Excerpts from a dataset
-------

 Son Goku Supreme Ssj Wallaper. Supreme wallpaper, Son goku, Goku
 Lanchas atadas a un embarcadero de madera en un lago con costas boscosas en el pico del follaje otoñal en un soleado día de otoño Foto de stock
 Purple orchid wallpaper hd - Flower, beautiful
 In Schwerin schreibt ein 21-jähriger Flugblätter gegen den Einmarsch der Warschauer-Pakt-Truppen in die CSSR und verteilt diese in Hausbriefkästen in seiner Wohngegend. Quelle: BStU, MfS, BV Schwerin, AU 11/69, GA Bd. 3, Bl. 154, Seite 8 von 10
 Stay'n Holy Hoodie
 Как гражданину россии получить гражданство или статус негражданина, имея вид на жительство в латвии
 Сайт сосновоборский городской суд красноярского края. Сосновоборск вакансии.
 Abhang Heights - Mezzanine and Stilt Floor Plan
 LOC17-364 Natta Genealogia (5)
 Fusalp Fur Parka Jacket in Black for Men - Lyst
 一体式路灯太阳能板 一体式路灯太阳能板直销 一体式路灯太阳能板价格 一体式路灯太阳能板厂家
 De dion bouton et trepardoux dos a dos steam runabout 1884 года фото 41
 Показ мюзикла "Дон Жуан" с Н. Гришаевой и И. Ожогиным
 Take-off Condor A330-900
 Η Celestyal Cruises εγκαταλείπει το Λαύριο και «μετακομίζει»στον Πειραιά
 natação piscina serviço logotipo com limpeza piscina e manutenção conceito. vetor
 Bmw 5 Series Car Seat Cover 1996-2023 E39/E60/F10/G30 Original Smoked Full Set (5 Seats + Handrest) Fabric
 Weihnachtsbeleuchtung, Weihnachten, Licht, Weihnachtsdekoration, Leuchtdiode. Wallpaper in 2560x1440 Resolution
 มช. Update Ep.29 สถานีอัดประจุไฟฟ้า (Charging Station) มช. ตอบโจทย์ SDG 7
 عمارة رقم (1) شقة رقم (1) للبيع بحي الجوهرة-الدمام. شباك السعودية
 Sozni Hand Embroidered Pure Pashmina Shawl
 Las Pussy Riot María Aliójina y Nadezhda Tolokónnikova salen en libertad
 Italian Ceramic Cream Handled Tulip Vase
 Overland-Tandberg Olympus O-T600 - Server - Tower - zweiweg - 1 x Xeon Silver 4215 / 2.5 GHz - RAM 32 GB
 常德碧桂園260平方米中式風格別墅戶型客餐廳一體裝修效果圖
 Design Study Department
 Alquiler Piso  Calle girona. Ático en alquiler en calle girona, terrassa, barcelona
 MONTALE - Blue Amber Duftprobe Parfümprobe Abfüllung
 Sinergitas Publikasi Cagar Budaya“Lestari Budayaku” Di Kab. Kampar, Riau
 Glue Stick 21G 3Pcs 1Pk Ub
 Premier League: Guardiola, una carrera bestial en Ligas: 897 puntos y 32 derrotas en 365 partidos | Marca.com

-------

> **Task goal**: Write all the entries out again exactly as they are.

> **Result**:
 Son Goku Supreme Ssj Wallaper. Supreme wallpaper, Son goku, Goku
 Lanchas atadas a un embarcadero de madera en un lago con costas boscosas en el pico del follaje otoñal en un soleado día de otoño Foto de stock
 Purple orchid wallpaper hd - Flower, beautiful
 In Schwerin schreibt ein 21-jähriger Flugblätter gegen den Einmarsch der Warschauer-Pakt-Truppen in die CSSR und verteilt diese in Hausbriefkästen in seiner Wohngegend. Quelle: BStU, MfS, BV Schwerin, AU 11/69, GA Bd. 3, Bl. 154, Seite 8 von 10
 Stay'n Holy Hoodie
 Как гражданину россии получить гражданство или статус негражданина, имея вид на жительство в латвии
 Сайт сосновоборский городской суд красноярского края. Сосновоборск вакансии.
 Abhang Heights - Mezzanine and Stilt Floor Plan
 LOC17-364 Natta Genealogia (5)
 Fusalp Fur Parka Jacket in Black for Men - Lyst
 一体式路灯太阳能板 一体式路灯太阳能板直销 一体式路灯太阳能板价格 一体式路灯太阳能板厂家
 De dion bouton et trepardoux dos a dos steam runabout 1884 года фото 41
 Показ мюзикла "Дон Жуан" с Н. Гришаевой и И. Ожогиным
 Take-off Condor A330-900
 Η Celestyal Cruises εγκαταλείπει το Λαύριο και «μετακομίζει»στον Πειραιά
 natação piscina serviço logotipo com limpeza piscina e manutenção conceito. vetor
 Bmw 5 Series Car Seat Cover 1996-2023 E39/E60/F10/G30 Original Smoked Full Set (5 Seats + Handrest) Fabric
 Weihnachtsbeleuchtung, Weihnachten, Licht, Weihnachtsdekoration, Leuchtdiode. Wallpaper in 2560x1440 Resolution
 มช. Update Ep.29 สถานีอัดประจุไฟฟ้า (Charging Station) มช. ตอบโจทย์ SDG 7
 عمارة رقم (1) شقة رقم (1) للبيع بحي الجوهرة-الدمام. شباك السعودية
 Sozni Hand Embroidered Pure Pashmina Shawl
 Las Pussy Riot María Aliójina y Nadezhda Tolokónnikova salen en libertad
 Italian Ceramic Cream Handled Tulip Vase
 Overland-Tandberg Olympus O-T600 - Server - Tower - zweiweg - 1 x Xeon Silver 4215 / 2.5 GHz - RAM 32 GB
 常德碧桂園260平方米中式風格別墅戶型客餐廳一體裝修效果圖
 Design Study Department
 Alquiler Piso  Calle girona. Ático en alquiler en calle girona, terrassa, barcelona
 MONTALE - Blue Amber Duftprobe Parfümprobe Abfüllung
 Sinergitas Publikasi Cagar Budaya“Lestari Budayaku” Di Kab. Kampar, Riau
 Glue Stick 21G 3Pcs 1Pk Ub
 Premier League: Guardiola, una carrera bestial en Ligas: 897 puntos y 32 derrotas en 365 partidos | Marca.com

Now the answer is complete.